Could you repeat the entries below exactly, but only from the line with "No thoroughfare signal" through the line with "Timeline Retrospective - Prime directive", and without any picture?

* [DATA]

━━━━━━━━━━

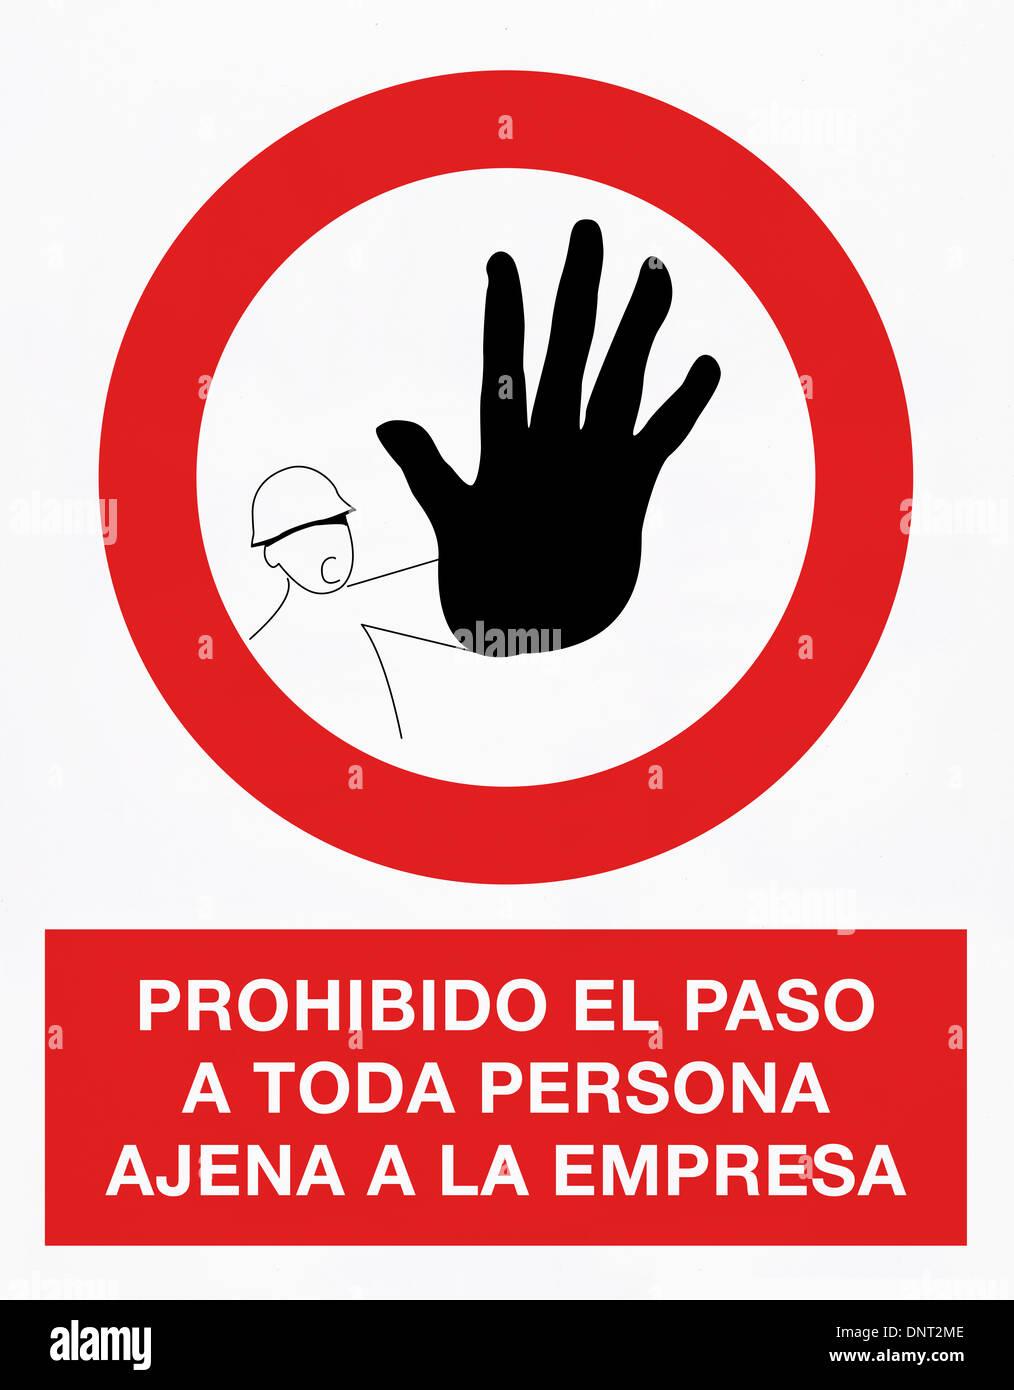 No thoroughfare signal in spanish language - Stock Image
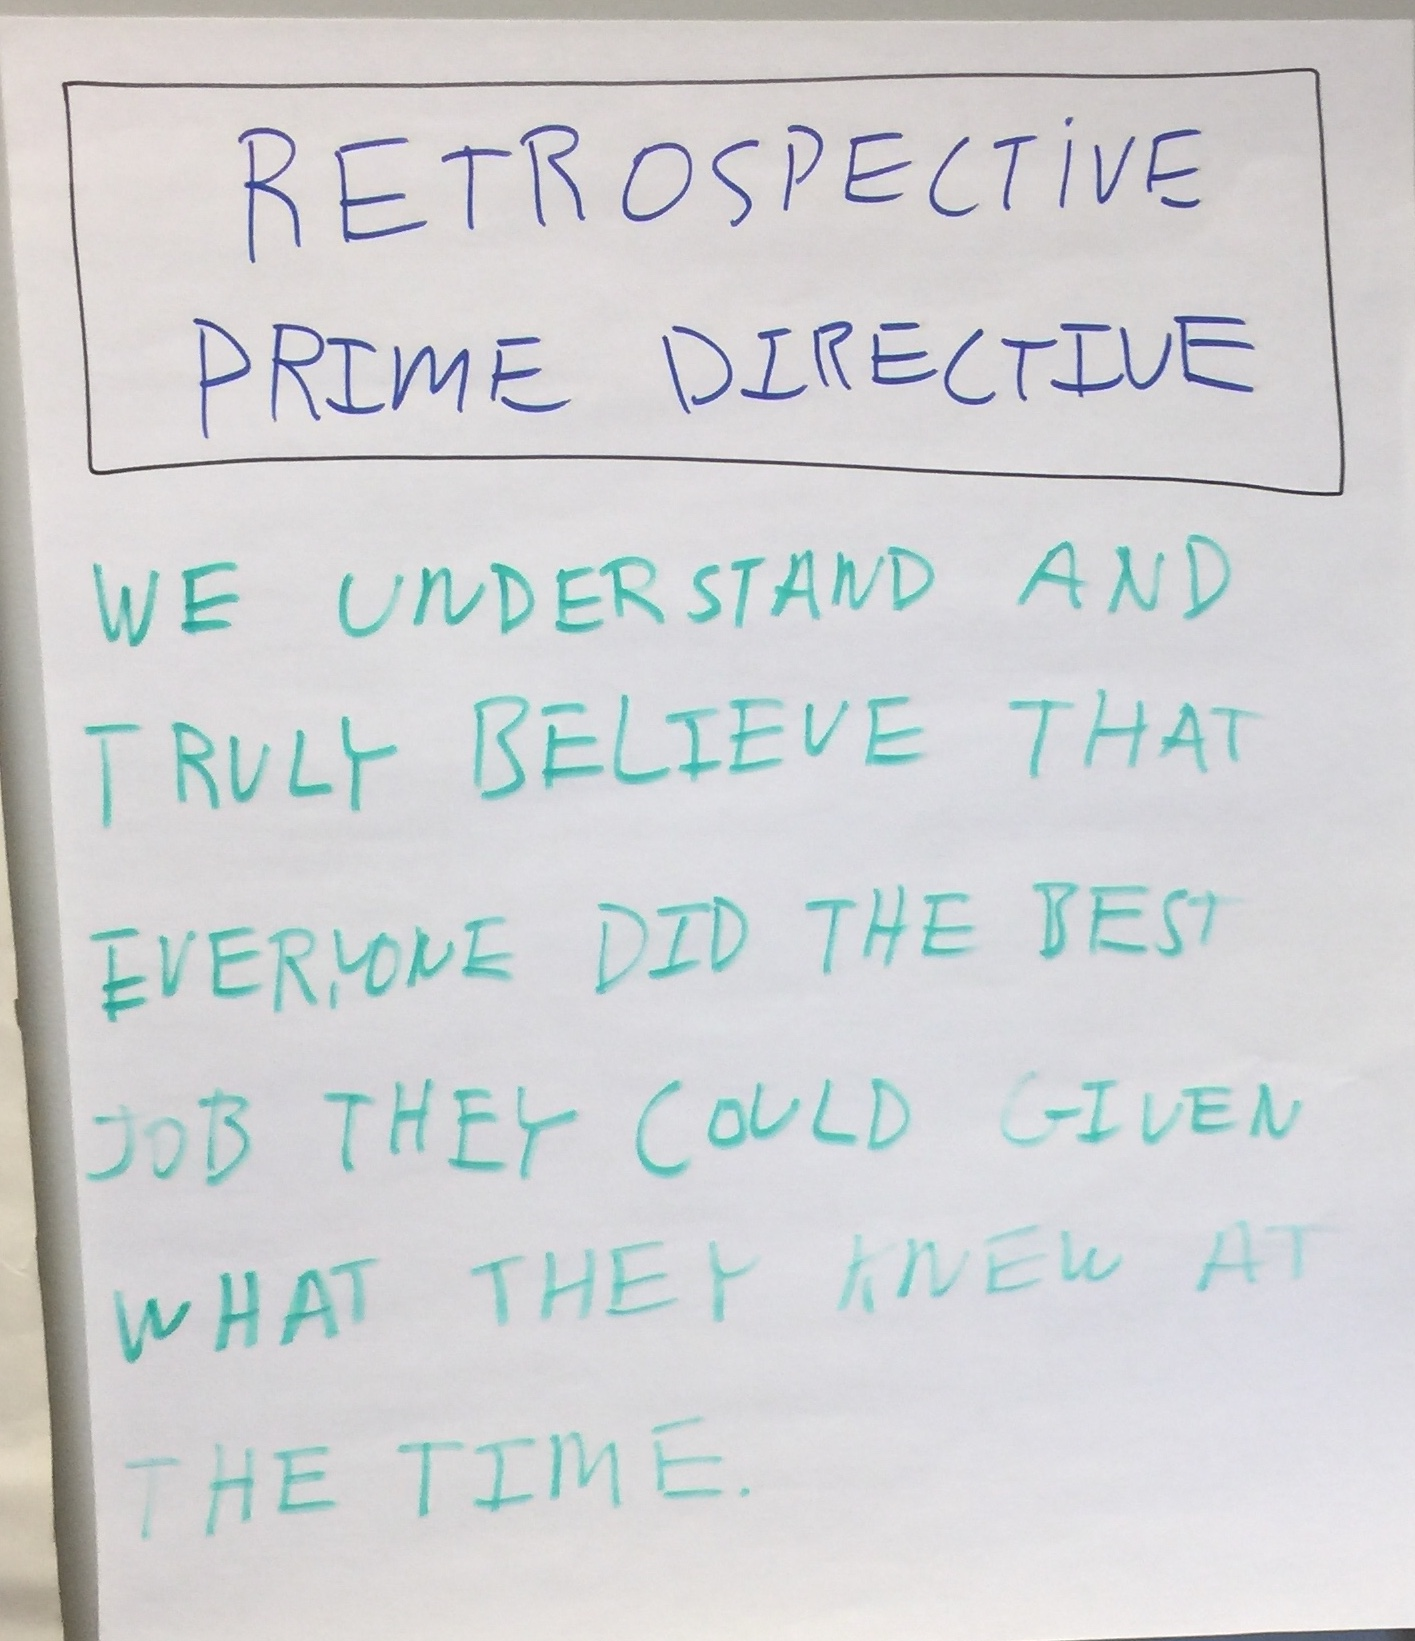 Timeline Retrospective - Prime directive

━━━━━━━━━━

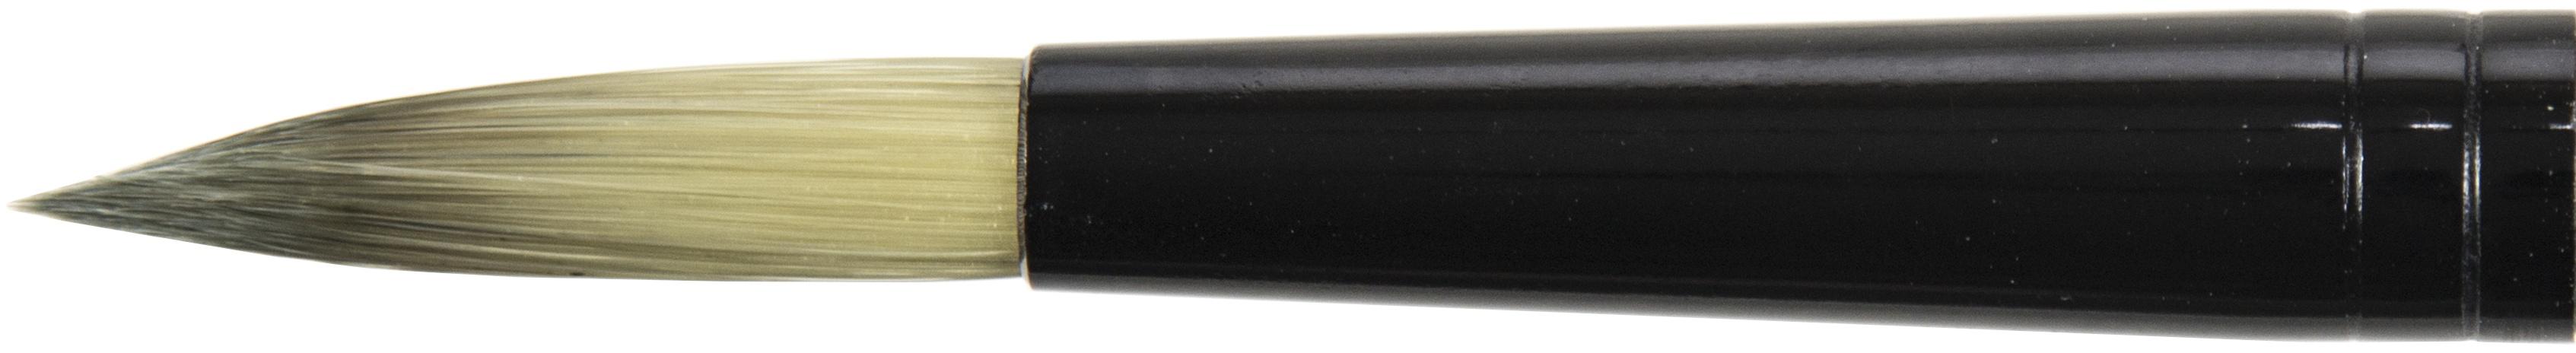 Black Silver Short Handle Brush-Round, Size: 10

━━━━━━━━━━

* [WRITTEN RESPONSE]
 No thoroughfare signal in spanish language - Stock Image
 Timeline Retrospective - Prime directive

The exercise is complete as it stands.